Invitation to a monster

 

A man who has colluded in protecting priests who have abused children, who has been responsible for the deaths of many in Africa and elsewhere who might have benefited from the use of condoms to stave off disease, who has probably contributed to the suicides of many gay people and who wants to dictate to the UK how it should frame its equality laws is to be a guest of honour in the United Kingdom this coming autumn. But there are many who oppose his visit, including the London for a Secular Europe campaign. Andy Armitage reports.
 

This is to be not just any old guest of honour, but a guest of honour who will have all the benefits of a state visit. And it could cost the British taxpayer tens of millions of pounds.

It’s hardly surprising that a lot of people are very annoyed by the red carpet that will greet the jackboots of this 82-year-old monster, the man who used to head the Vatican’s Inquisition. Petitions have been set up against the visit (see links below), and at one point the number of signatories on one of them grew dramatically.

It’s my guess – well, it’s an inevitability – that websites and blogs will continue to buzz with protest over the next few months before Pope Joseph Ratzinger arrives at an estimated cost of £20 million to the British taxpayer.

It’s not known exactly how much will be paid (figures are bandied about), or what proportion of the total cost will be met by the taxpayer, but there was a parliamentary question about this early in February, to which the government replied, The forthcoming visit of the Pope to the UK will be a Papal visit. As a Papal visit it will have status equivalent to a State Visit. The costs of the visit have not yet been determined; as with State Visits, certain elements will be borne by public funds.

What can be said is that a state visit to Australia by Ratzinger in 2008 cost that country, according to figures given by Britain’s National Secular Society, around A$200 million, which is about £115 million.

Other papal visits have also cost buttock-clenchingly large fortunes, as a glance at Concordat Watch will demonstrate. This web page lists several visits, including the Australian one, an outing to France, also in 2008, a jolly to Brazil in 2007 and one to Ratzinger’s home country, Germany, in 2006.

Concordat Watch comments, Of course, in the end both the Australian and the German taxpayers can afford to subsidise the pope. But unfortunately, papal trips are not confined to lands like these. The much-travelled John Paul II visited 129 different countries, few of them as wealthy as Australia and Germany.

What has got right up the noses of many is that Ratzinger has accepted the invitation to the party but is being very sniffy about how the hosts conduct themselves. He could have just politely said no.

Natural law

But no sooner had Ratzinger accepted the invitation to conduct a state visit than he was urging British bishops to oppose the Equality Bill with missionary zeal, according to a story on the BBC website at the beginning of February.
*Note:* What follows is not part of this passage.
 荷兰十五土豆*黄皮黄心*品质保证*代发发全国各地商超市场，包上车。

The legislation – which seeks to ensure fairness and equality in employment laws – violates natural law, he reckons.

He told a bunch of Catholic bishops gathered in Rome, Your country is well known for its firm commitment to equality of opportunity for all members of society. Yet, as you have rightly pointed out, the effect of some of the legislation designed to achieve this goal has been to impose unjust limitations on the freedom of religious communities to act in accordance with their beliefs.

Evil frunt

In some respects, he continued, it actually violates the natural law upon which the equality of all human beings is grounded and by which it is guaranteed.
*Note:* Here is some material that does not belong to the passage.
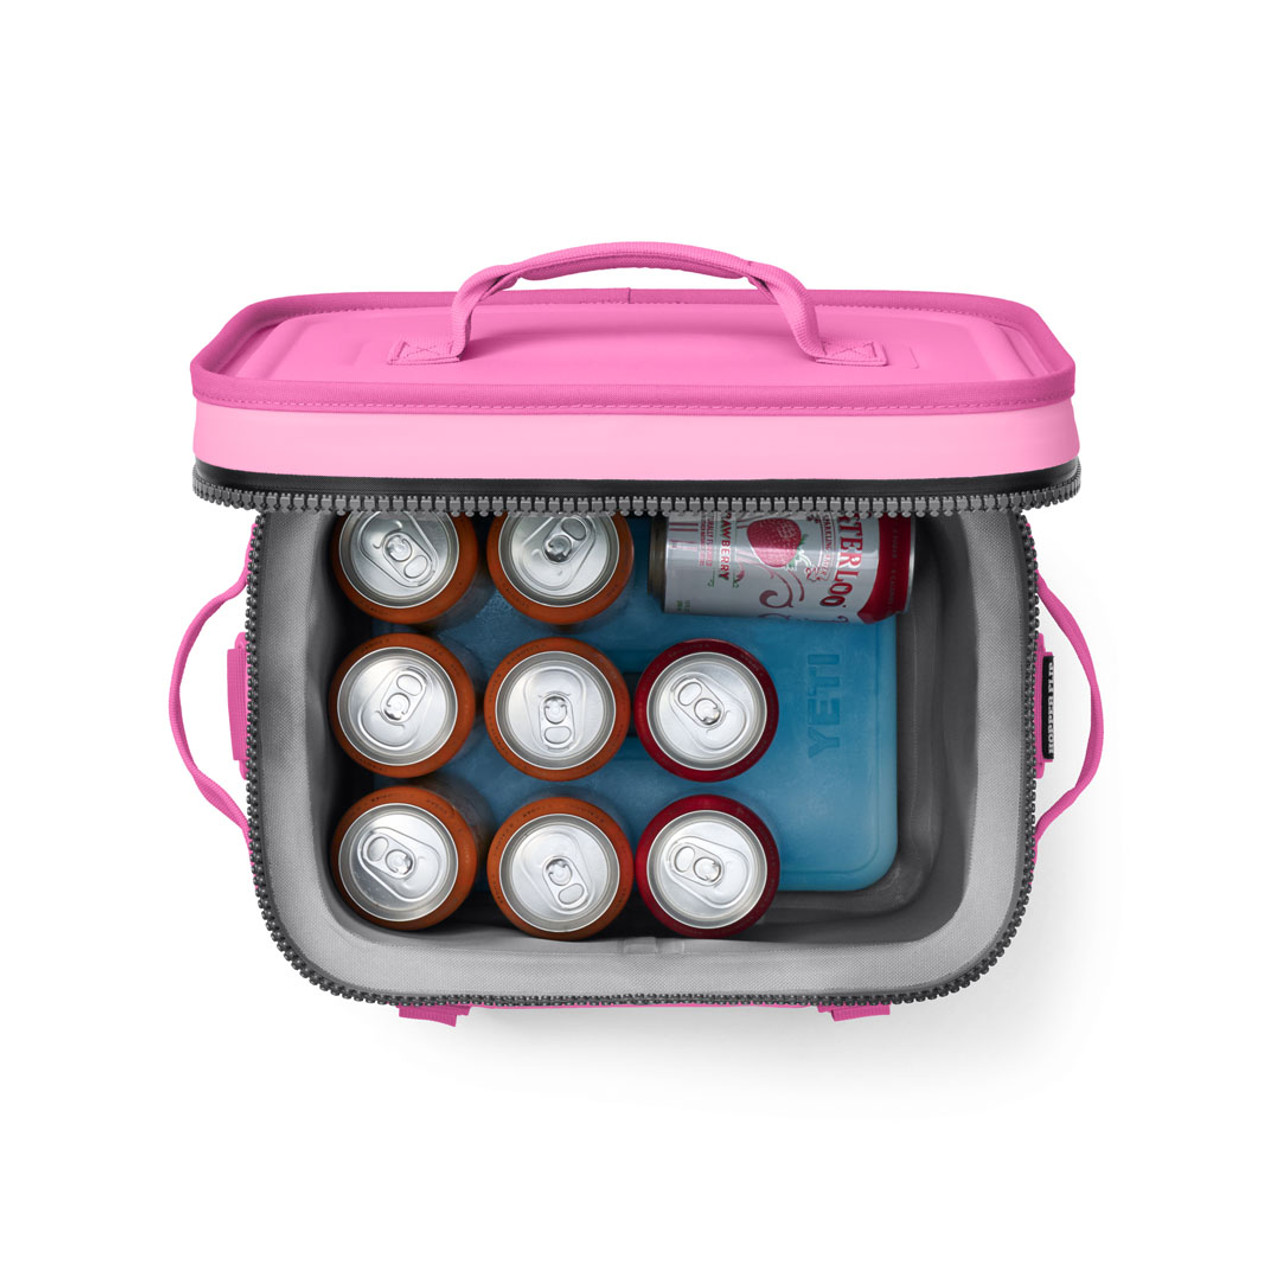 YETI Hopper Flip 12 Portable Soft Cooler, Bimini Pink–

If he’s talking about procreation, then a man who chooses celibacy – you might say unnaturally – is hardly the person to be handing out sage advice on the subject of what comes naturally. But we’ll let that go for the moment.

Save us from the Pope

Last September, before the visit became official, a delightfully hard-hitting piece appeared under the name of Tanya Gold in Britain’s Guardian.

Save us, O Lord, save us all, she pleaded. Save us from the Pope. Joseph Ratzinger is coming to Britain. Gordon Brown is ‘delighted’. David Cameron is ‘delighted’. I am ‘repelled’. Let him come: I applaud freedom of speech. But no red carpets, please. No biscuits. No Queen.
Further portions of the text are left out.